NZ Fine Prints' stockroom in the mid 1990s
By the late 1990s NZ Fine Prints were receiving artist submissions of new work on a weekly basis, by the early 2000s changes in printing technology and the distribution of framed pictures with NZ scenes by contract artists began changing the market again as picture framers and galleries began losing market share to the new breed of design stores and furniture outlets - and to the internet as Prints.co.nz meant print buyers could easily buy their art prints directly from New Zealand Fine Prints and have them delivered wherever they were in NZ or around the world.

Kiwiana art from Matt Guild
The last few years has seen an increase in the supply of prints at both the top end (handmade editions by artists such as Tony Ogle and Dick Frizzell and large high quality prints on canvas) and in the swift rise of a new category of "kiwiana" - prints as pictures rather than "art", even comprising simple typography and kiwi images that closely imitated current artistic trends and with a fashion forward seasonal popularity that is a long way from enduring fine art but which fits with a trend to more frequent updates to contemporary interior design.  Artists such as Matt Guild whose work "Hamilton Beach Milkshake" is shown at left proudly call themselves  "kiwiana artists" without the negative associations that this term might once have had (see our previous article here on the changing meaning of kiwiana).
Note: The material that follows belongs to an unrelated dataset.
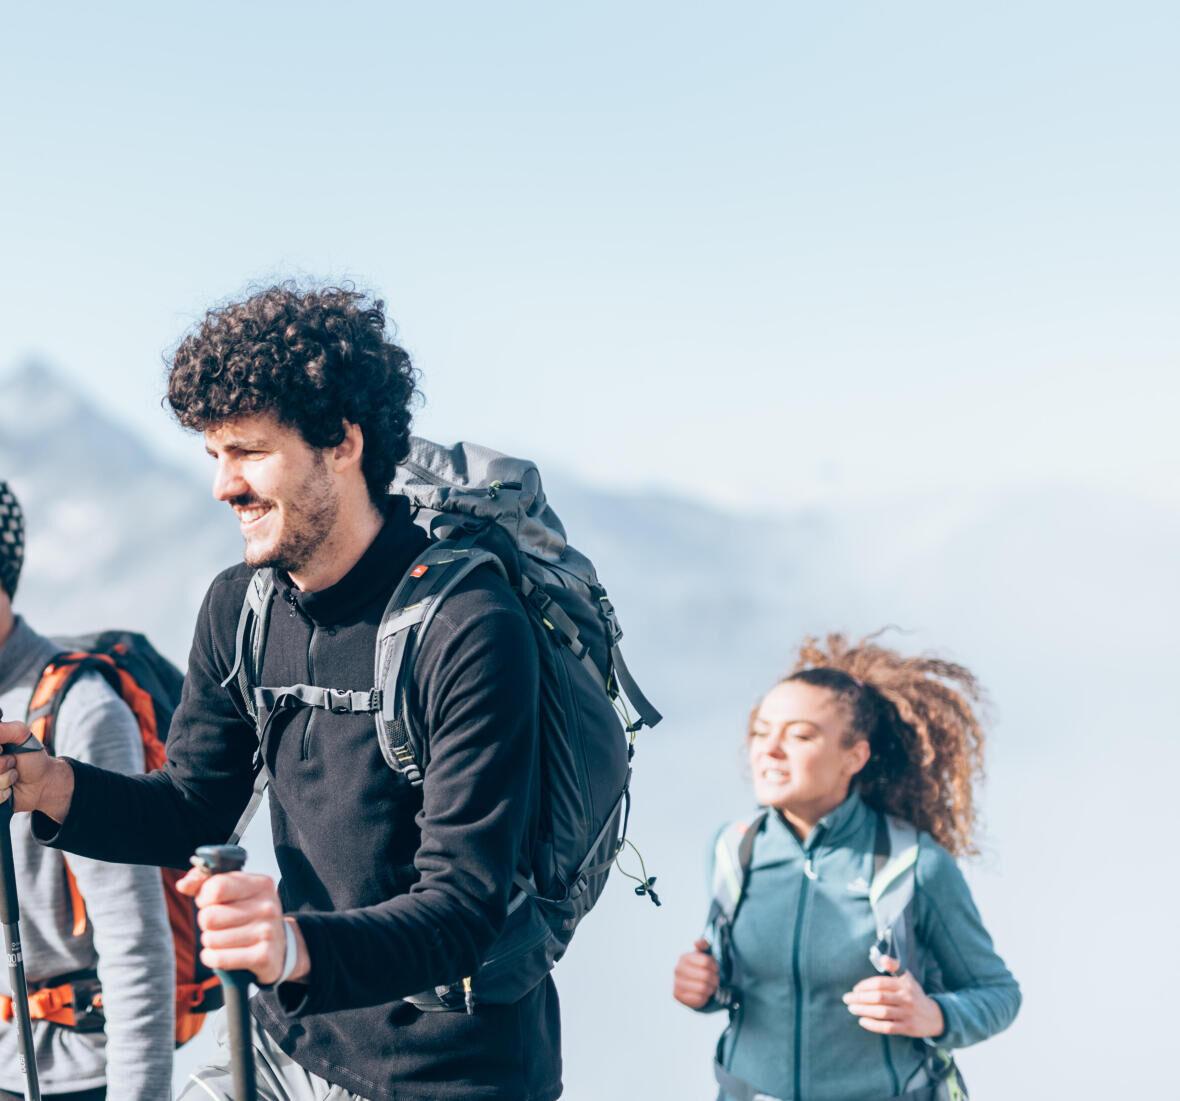 fleece warmth breathability hiking

The story of the next decade of art publishing in NZ will be about changes in printing technology increasing the supply of available images, the re-sale of quality works by contemporary printmakers at increasingly higher prices and a more urban feel to contemporary artworks - prints that will still sit alongside the NZ landscapes empty of people that have been in vogue for the last half century.